Accounting and financial reporting contexts require absolute returns because financial statements must report actual monetary amounts rather than percentages. Similarly, tax calculations depend on absolute gains and losses measured in currency units.

For certain types of absolute return strategies in institutional portfolio management, where the manager's objective is to generate positive returns regardless of market conditions rather than to beat a benchmark, absolute returns provide an appropriate performance measure. These strategies are evaluated on their ability to generate positive dollar returns, not on their relative performance versus a benchmark index.

Discrete Returns

Discrete returns are most appropriate when dealing with discrete time intervals—daily, weekly, monthly, or annual returns calculated at specific points in time. They're ideal when you need to aggregate returns across different assets within a single time period, as in portfolio return calculations.

For performance reporting and benchmarking, discrete returns provide the standard measure. Investment managers are typically evaluated based on their discrete returns relative to benchmark indices, and these returns are what investors ultimately care about in practical terms.
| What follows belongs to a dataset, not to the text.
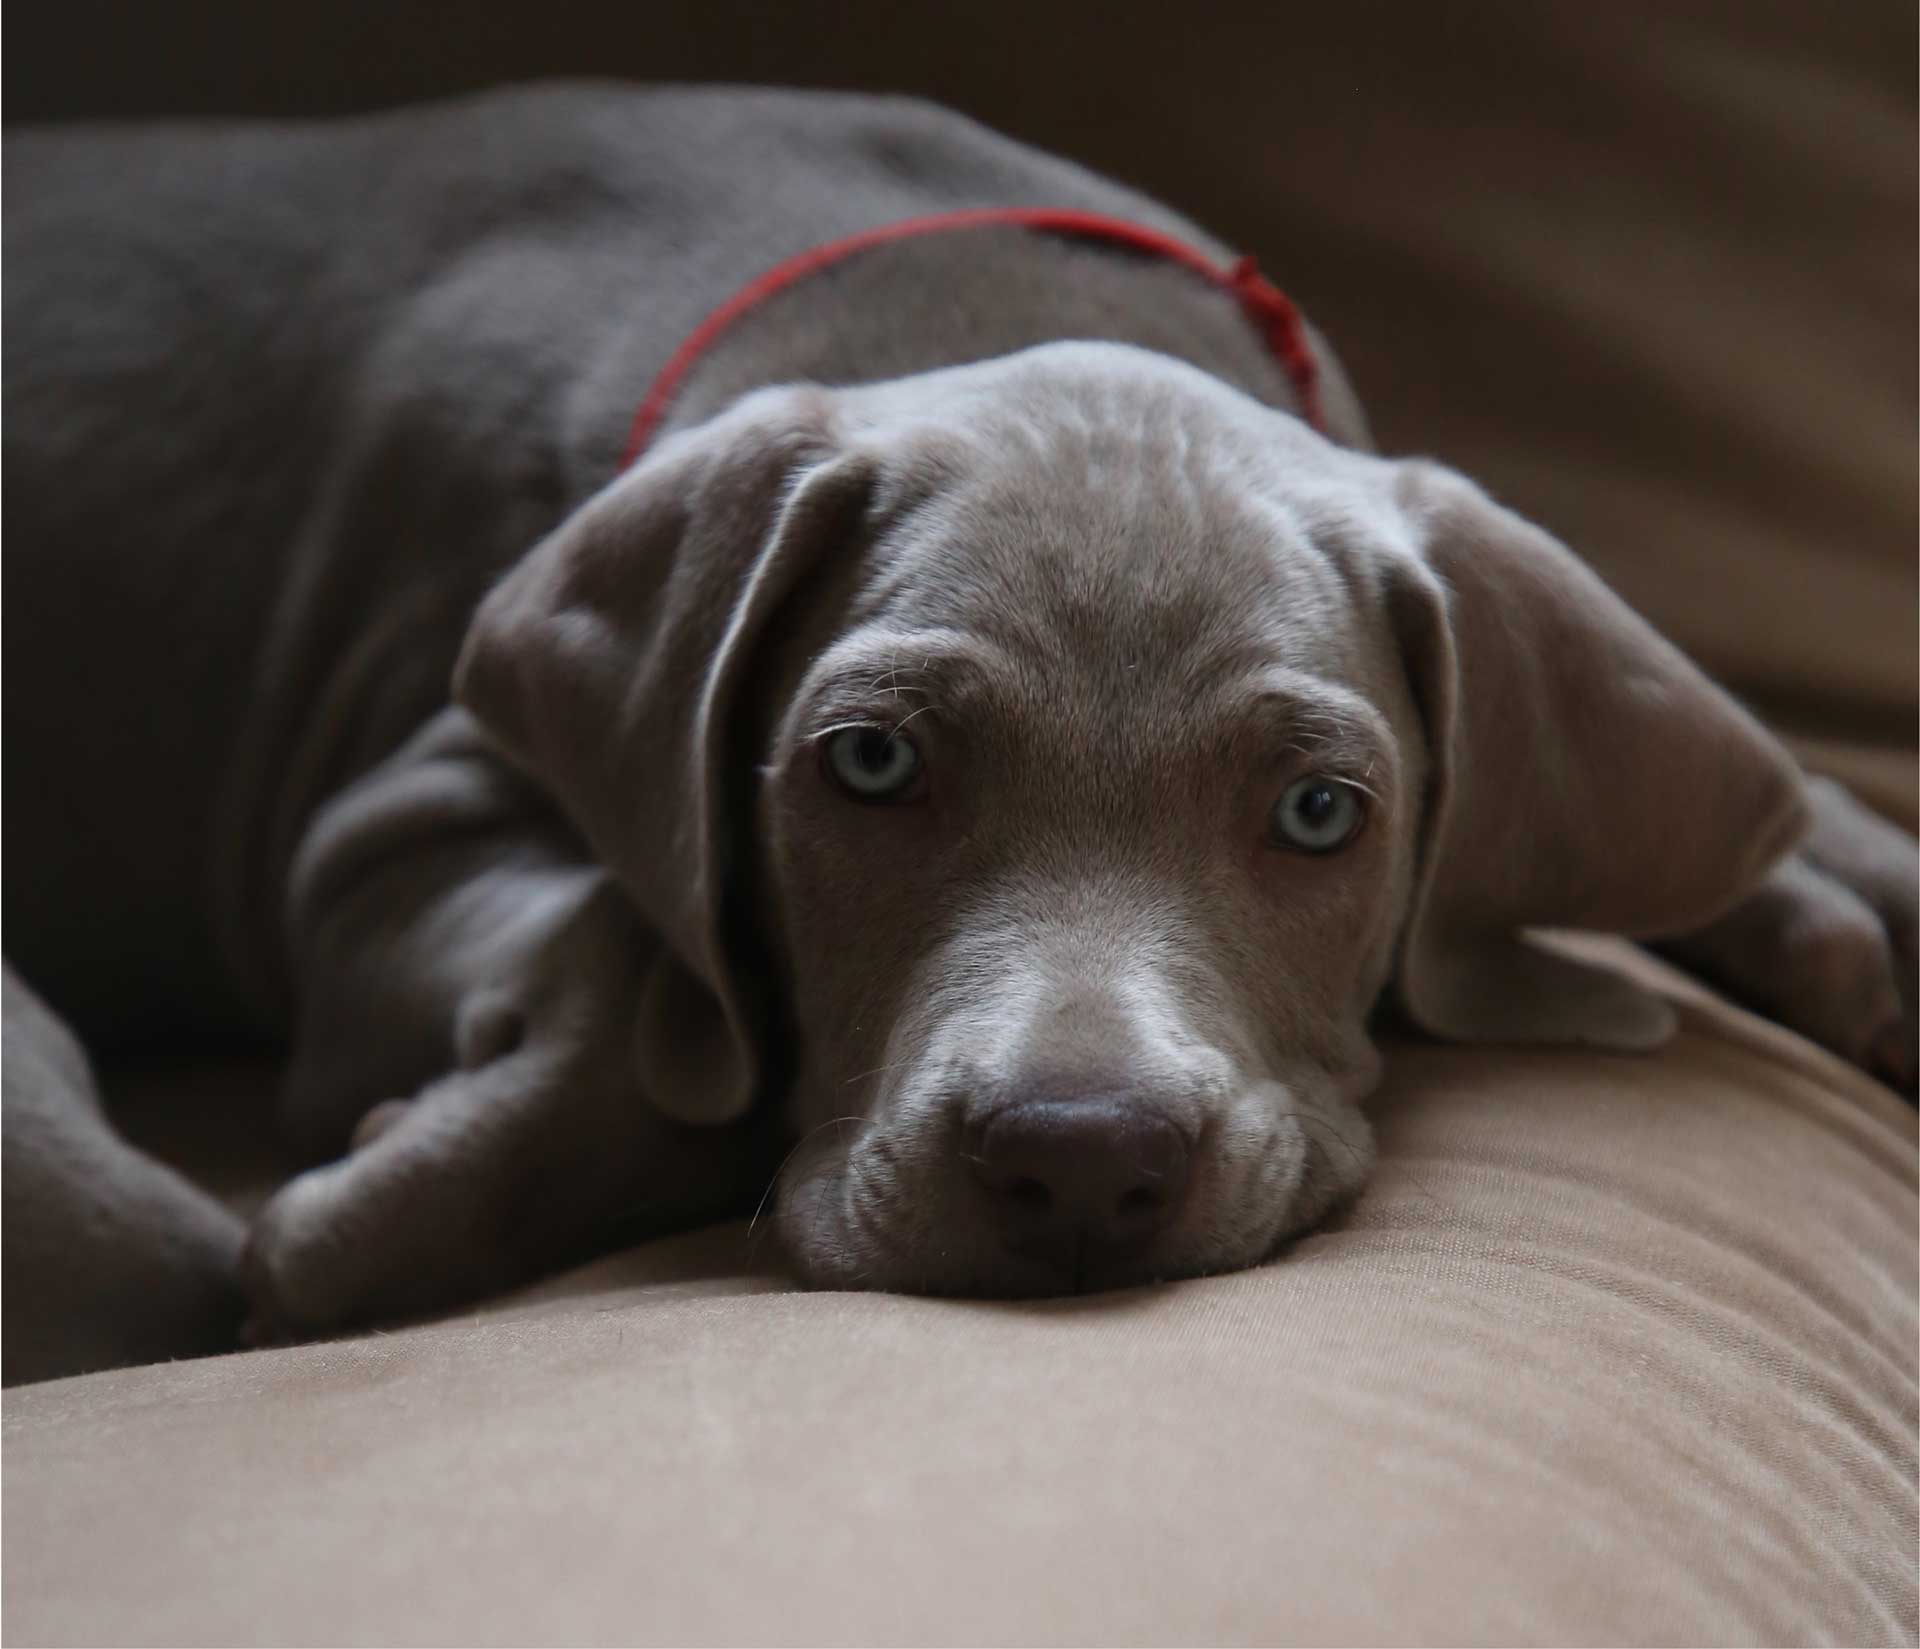 Gray Lab Laying Down on Couch Looking At Camera

In applications where the focus is on single-period analysis rather than multi-period compounding, discrete returns offer optimal simplicity without sacrificing meaningful information. They're also preferred when communicating with less sophisticated audiences who may not be familiar with logarithmic calculations.

Continuous Returns

Continuous returns are most appropriate when conducting theoretical analysis, particularly in continuous-time models. Any application of the Black-Scholes model or its extensions requires continuous returns due to the model's mathematical structure.
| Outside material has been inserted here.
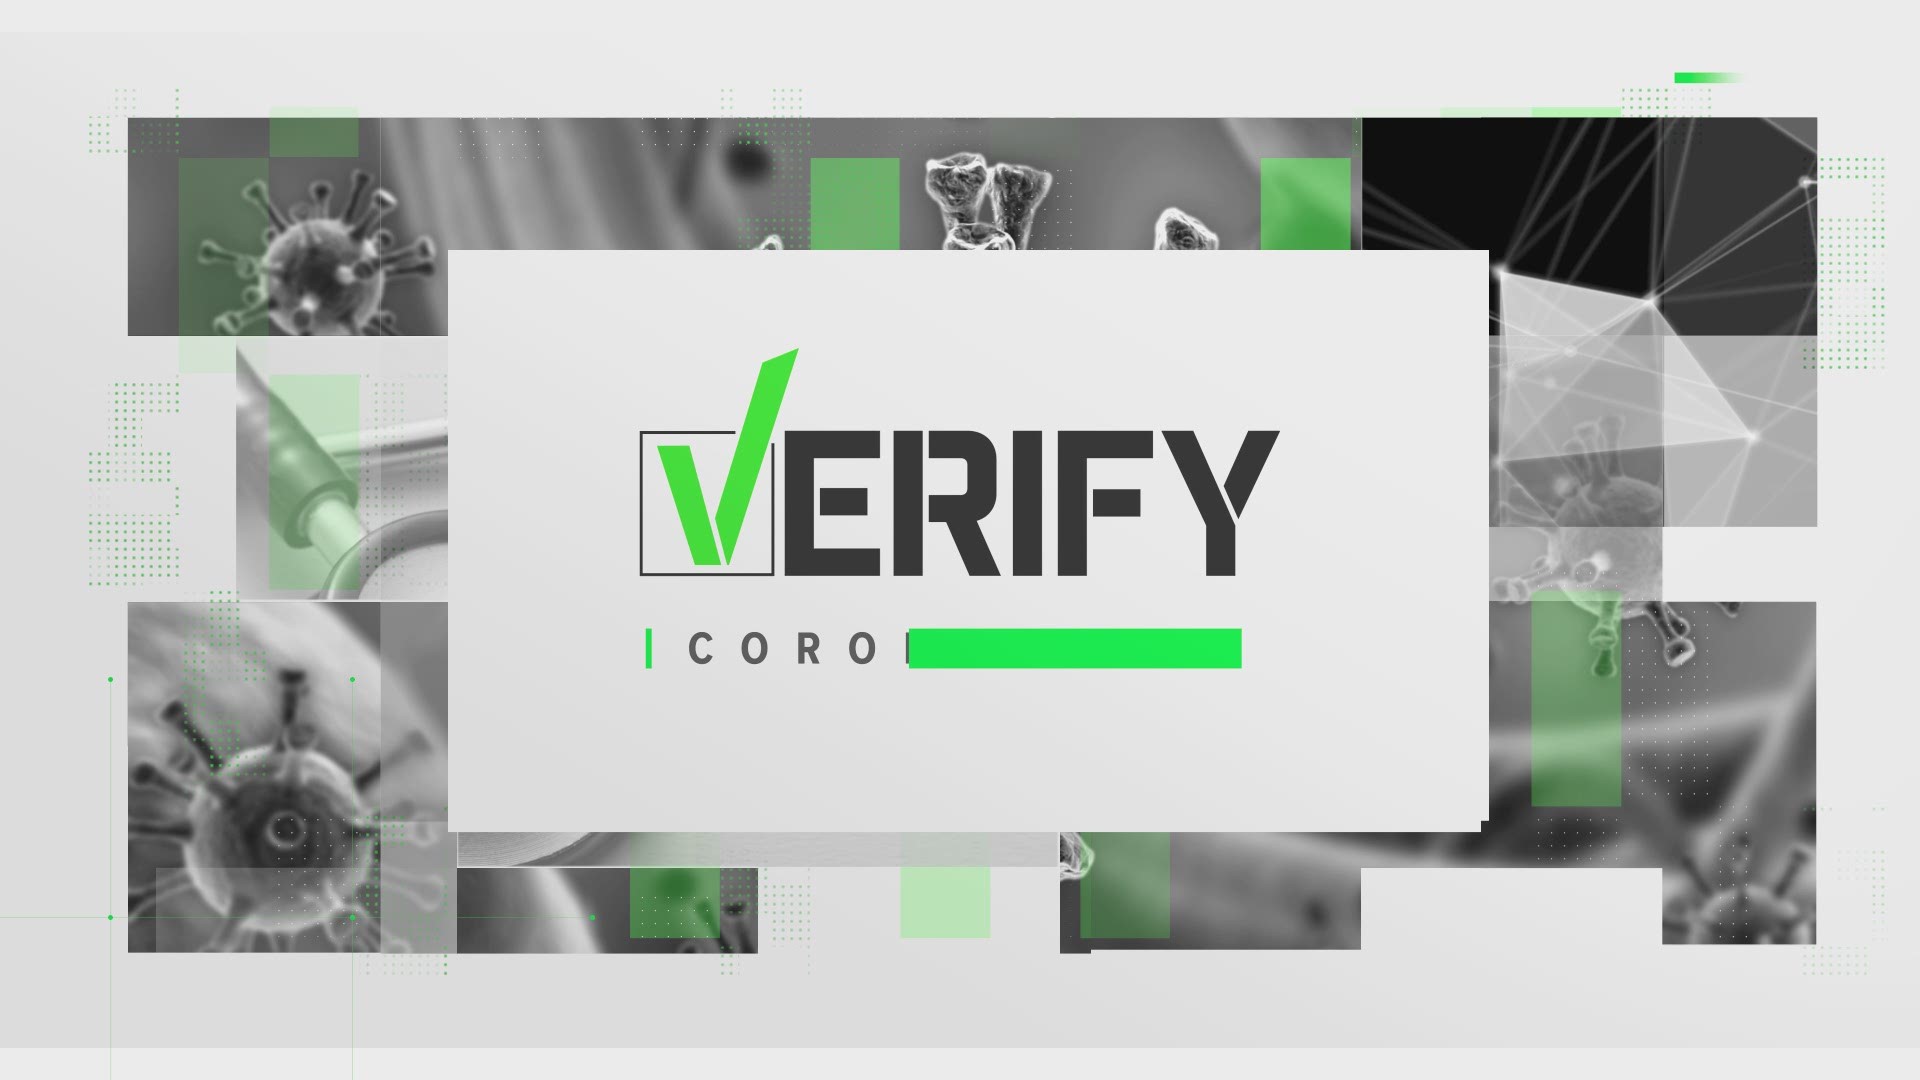 The Verify Team reached out to the four largest domestic airlines, to compare their policies, relating to coronavirus protections.

For time-series analysis and econometric modeling, continuous returns offer significant advantages. Their additivity simplifies regression analysis, and their better conformity to normal distributions facilitates statistical inference. When building forecasting models or conducting statistical tests, continuous returns often provide more reliable results.

In risk management applications, particularly those involving Value-at-Risk (VaR) calculations or scenario analysis, continuous returns offer both computational convenience and better statistical properties. Many risk models assume normally distributed returns, an assumption that works better with continuous returns.

When analyzing returns over multiple periods, continuous returns eliminate the complexities of multiplicative compounding. If you need to calculate average returns, aggregate returns over time, or decompose total returns into components from different periods, continuous returns provide mathematical simplicity.

Which Shock Type Should be Used for Equities? 'Discrete Proportional Shock' or 'Continuous Proportional Shock', and In Which Scenarios Would Each be Most Appropriate in Risk Management?

In risk management, the concept of "shocks" represents sudden changes in asset prices that affect portfolio values. The choice between discrete and continuous returns for modeling these shocks has important implications for risk measurement and stress testing.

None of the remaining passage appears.